[Python-ideas] simplification pep-like thing

tomer filiba tomerfiliba at gmail.com
Fri Jan 26 16:13:12 CET 2007


this text needs more thought and rephrasing, but i think that
it covers all the details.

--------------------------------------------------------------------------

Abstract
=========
The simplification API provides a mechanism to get the state
of an object, as well as reconstructing an object with a given state.
This new API would affect pickle, copy_reg, and copy modules,
as well as the writers of serializers.

The idea is to separate the state-gathering from the encoding:
* State-gathering is getting the state of the object
* Encoding is the converting the state (which is an object) into
  a sequence of bytes (textual or binary)

This is somewhat similar to the ISerializable interface of .NET,
which defines only GetObjectData(); the actual encoding is done
by a Formatter class, which has different implementations for
SOAP-formatting, binary-formatting, and other formats.

Motivation
==========
There are many generic and niche serializers out there, including
pickle, banana/jelly, Cerealizer,  brine, and lots of serializers
targeting XML output. Currently, all serializers have their own
methods of retrieving the contents, or state of the object.

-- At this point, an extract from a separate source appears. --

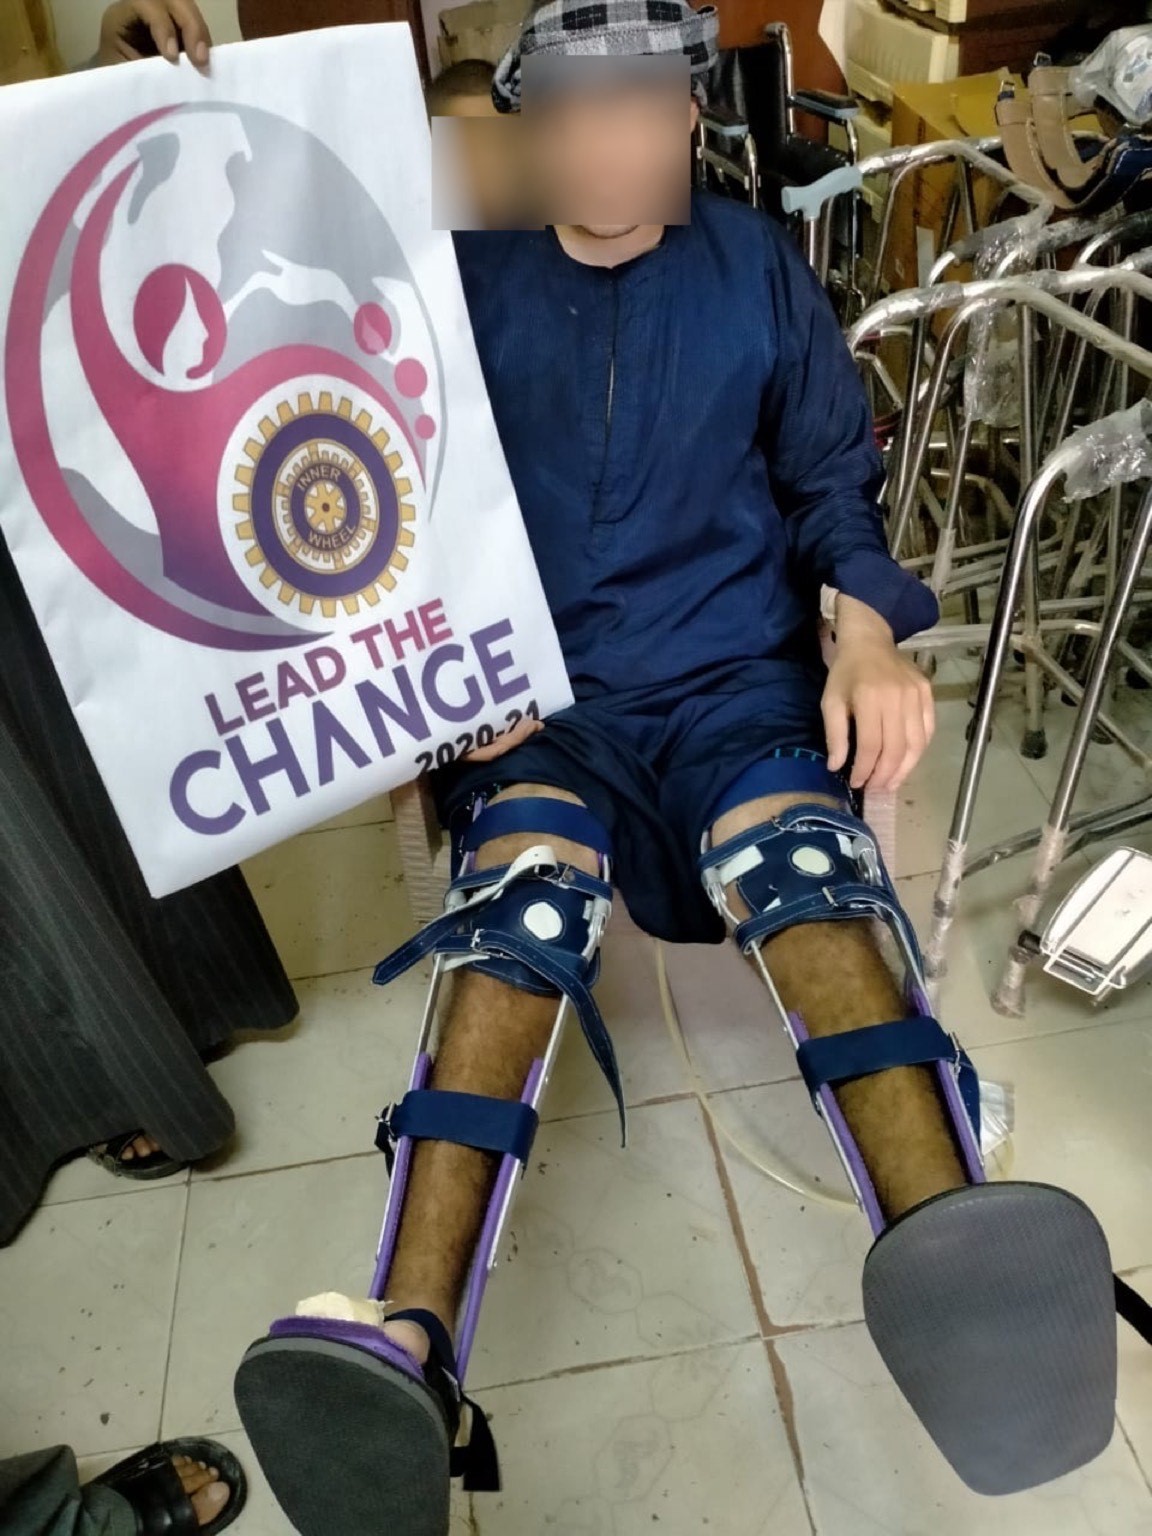 The motor prosthetic device given by IWC of El Minya

This API attempts to solve this issue by providing standard
means for getting object state, and creating objects with
their state restored.

Another issue is making the serialization process "proxy-friendly".
Many frameworks use object proxies to indirectly refer to another
object (for instance, RPC proxies, FFI, etc.). In this case, it's desirable
to simplify the referenced object rather than the proxy, and this API
addresses this issue too.

Simplification
==============
Simplification is the process of converting a 'complex' object
into its "atomic" components. You may think of these atomic
components as the *contents* of the object.

This proposal does not state what "atomic" means -- this is
open to the decision of the class. The only restriction imposed is,
collections of any kind must be simplified as tuples.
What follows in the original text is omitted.